Et Bertrand Gié, le président du Geste, de rappeler que Safari pèse pour un quart du surf sur Web mobile et que 90% des utilisateurs d’appareils Apple, une cible très prisée des annonceurs, passent par ce navigateur. “Apple continue à jouer aux apprentis-sorciers avec les médias qui, comme le rappelle la dernière étude de l’Arcom sur leur financement, n’ont vraiment pas besoin d’un nouveau caillou dans la chaussure”, ajoute le dirigeant. 

“Oui, le mode d’utilisation de Distraction Control laisse penser qu’il sera utilisé par une minorité. Mais qu’est-ce qui se passera le jour où Apple décide de rendre ça applicable par défaut, voire de permettre aux utilisateurs de supprimer tous les éléments gênants d’un coup ?”, s’interroge Bertrand Gié. 
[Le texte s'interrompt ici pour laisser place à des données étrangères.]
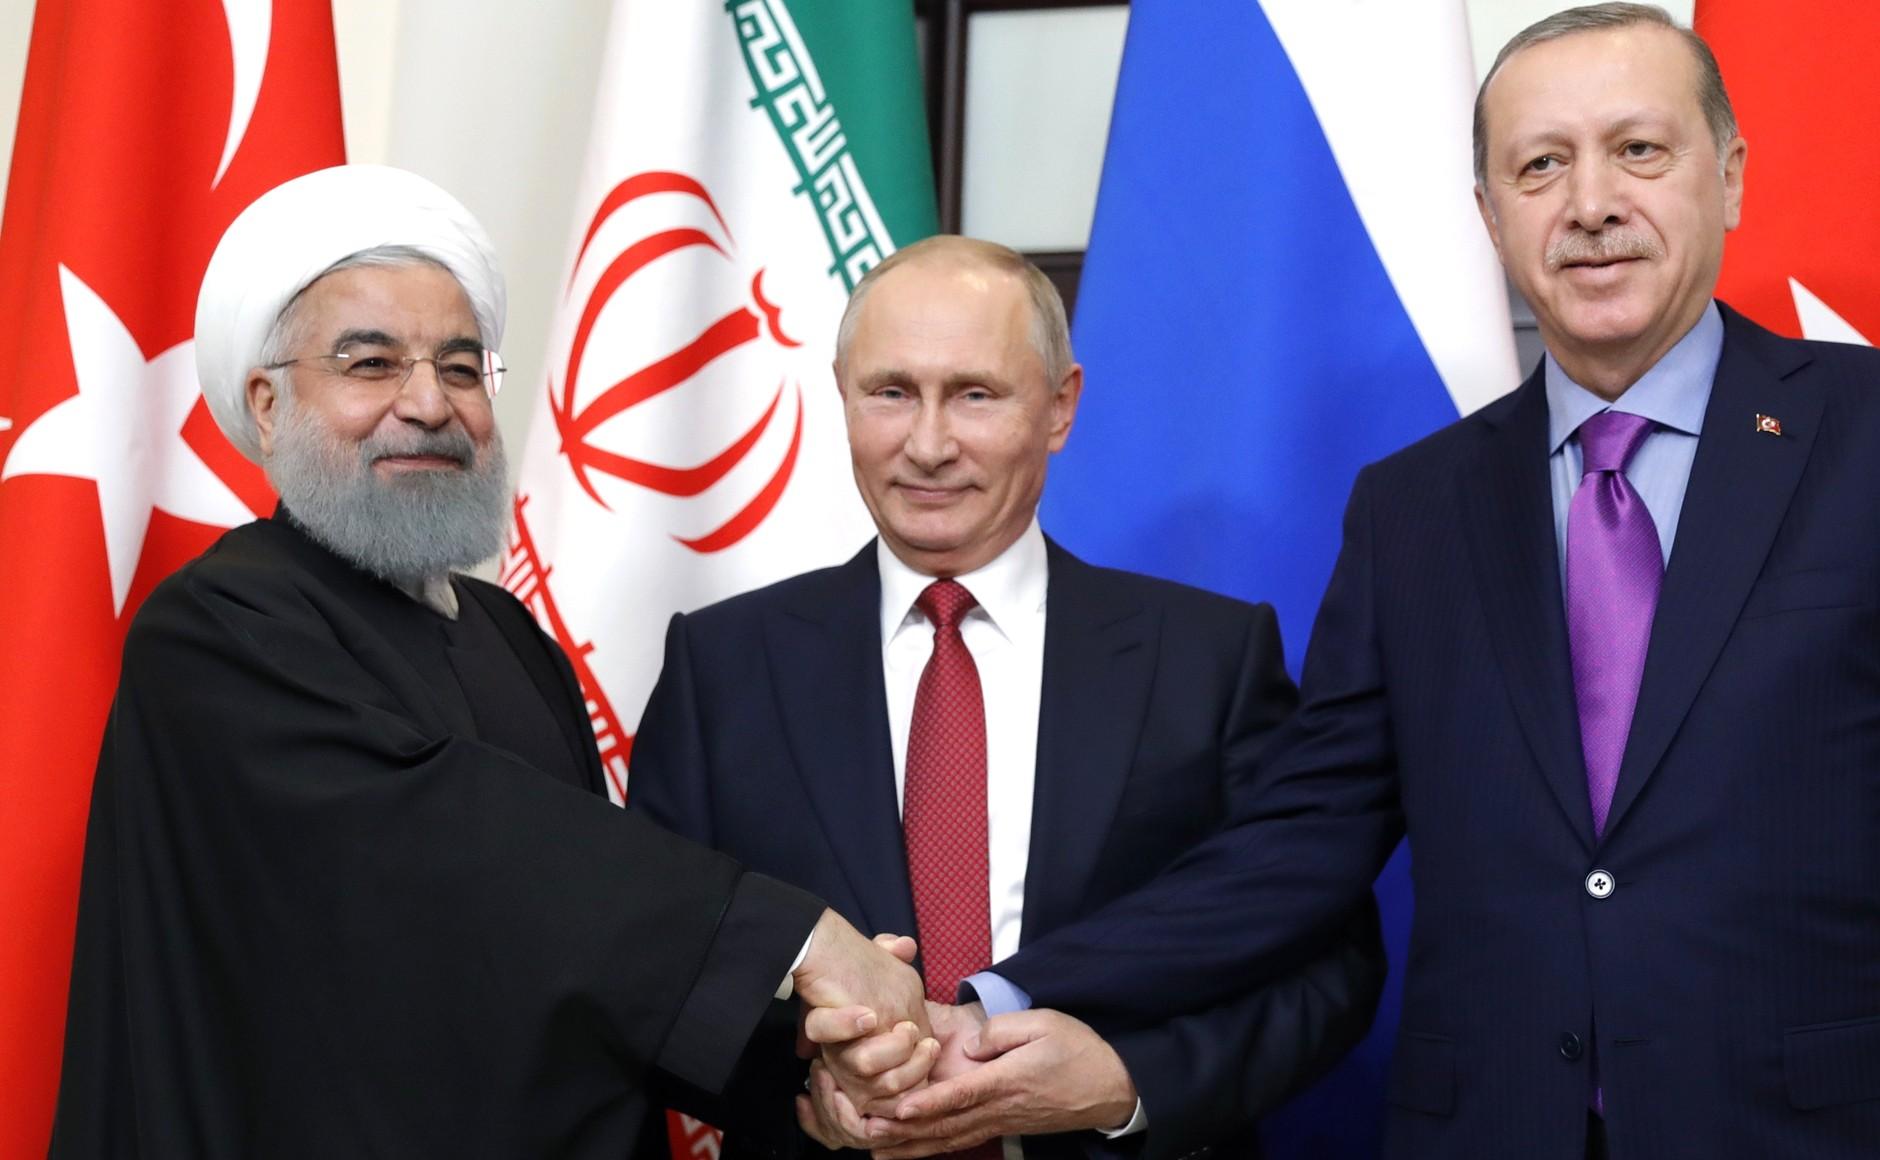 Image result for Putin, erdogan, Rouhani, photos

Le président du Geste déplore que la lettre ouverte envoyée par l’interpro française (Geste, SRI, Udecam, Alliance Digitale) à Tim Cook, en mai dernier, soit restée sans réponse. Des rumeurs prêtaient alors l’intention au patron d’Apple de lancer une fonctionnalité de ce genre, baptisée “Web Eraser”. 

Trois mois plus tard, on y est. Et la situation pourrait  même se compliquer si, comme le craignent Bertrand Gié et Nicolas Rieul, le président d’Alliance Digitale, Apple durcit le ton. “On parle d’un algorithme qui permettrait aux utilisateurs d’avoir trois niveaux de filtrage, dont les deux plus ‘durs’ feraient disparaître toute publicité”, révèle Nicolas Rieul. Un adblocker qui ne dit pas son nom…

"Apple n’aime pas la publicité. Enfin celle qui est vendue par les publishers"

“Il y a une chose de sûr dans tout ça, c’est qu’Apple n’aime pas la publicité. Enfin celle qui est vendue par les publishers”, pointe un patron de régie. Effectivement, Distraction Control n’est pas opérationnel sur les environnements Apple qui proposent de la publicité. “De quoi poser la question d’une nouvelle pratique anticoncurrentielle”, à en croire Nicolas Rieul. 

Un sujet dont le Geste et Alliance Digitale ont prévu de discuter avec leurs membres, à l’occasion notamment de webinars dédiés (ici pour le Geste et ici pour Alliance Digitale). Ce sera aussi l’occasion de réfléchir à la suite à donner à tout celà. 

Et cela ajouterait vraisemblablement un nouveau front dans la guerre que l’interpro mène depuis quelques années avec Apple. Rappelons que la firme à la pomme a fait l’objet d’une notification des griefs par l’Autorité de la concurrence en juin 2023 dans le cadre du déploiement d’ATT. L’interpro espère que le gendarme de la concurrence statuera sur le sujet d’ici la fin de l’année.